Parents should tell a girl she’s pretty, Smeallie says, “but they should also tell her she’s kind and intelligent, and should mention all the other qualities that make her the person you adore.”
This applies to boys, too, she says.
Watch Negative Talk
“While adults sometimes do need to change their food habits for health reasons, it’s how you talk about your food and your nutrition that matters,” says Smeallie. “Using that four-letter word ‘diet’ has become synonymous with the punitive state of deprivation. Instead parents can say something like, ‘I’m really trying to change my food habits. I’ve got some goals in mind to improve my health.’”
“If you were walking down the street behind two girls and one was 13 years old and the other was 20, even if they were of the same height and both were fit, you would be able to tell from behind which one was 13 and which was 20,” explains Smeallie. “Women’s bodies change with age and that is a scientifically healthy thing. Talking to kids about biology and science and less about appearance is a helpful way to get your message across.”
7 Tips for Encouraging a Healthy Body Image
“When it comes to raising a child to have a healthy relationship with food and his or her own body, parents need to model positive behaviors,” says Stacey M. Rosenfeld, Ph.D., a clinical psychologist and the author of Does Every Woman Have An Eating Disorder? Challenging Our Nation’s Fixation with Food and Weight (Siena Moon Books, 2014). “While eating disorders have genetic components and can be influenced by kids’ character traits and by peer groups and media exposure, parents can certainly help – or worsen – the situation.”
Rosenfeld offers the following suggestions for encouraging healthy habits:
1. Avoid topics like counting calories, cleansing, dieting and talking about what foods to avoid to be able to fit into a pair of jeans. Avoiding these topics should be as important as avoiding other inappropriate conversations you don’t want to have in front of your children.
2. Throw out your scale and stop weighing yourself. Your child sees everything you do and seeing you weigh yourself has a significant impact on his perception of weight and body.
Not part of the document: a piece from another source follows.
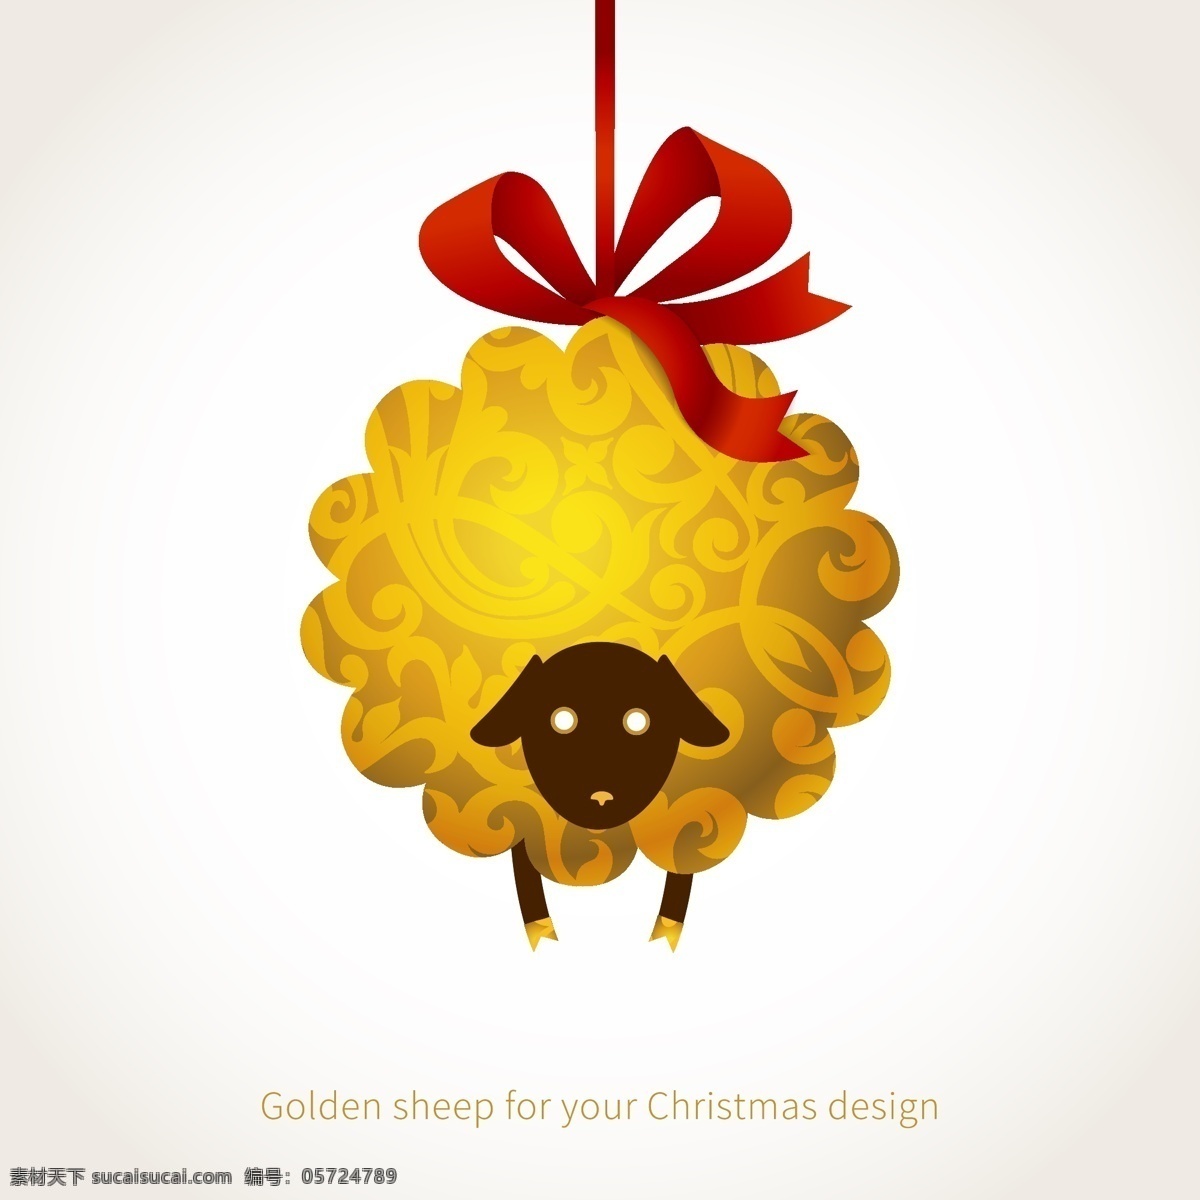 卡通 幽默 金色 绵羊 背景 蝴蝶结 花纹 圣诞节 矢量图 新年快乐 羊年 绵羊吊球 其他矢量图

3. Limit access to television, magazines and other places where unrealistic images of how girls and women should look are often presented.
4. Talk about foods with regard to how children can nourish their bodies rather than their effects on weight. Focus on health – not on calories or fats.
5. Encourage physical activity for the sake of health rather than weight control.
6. Never judge your body in front of your child. Do not say negative things about your body or even glance in the mirror in a critical way.
7. Focus on all of your child’s strengths outside of her body, but make it a point to tell her how beautiful she is.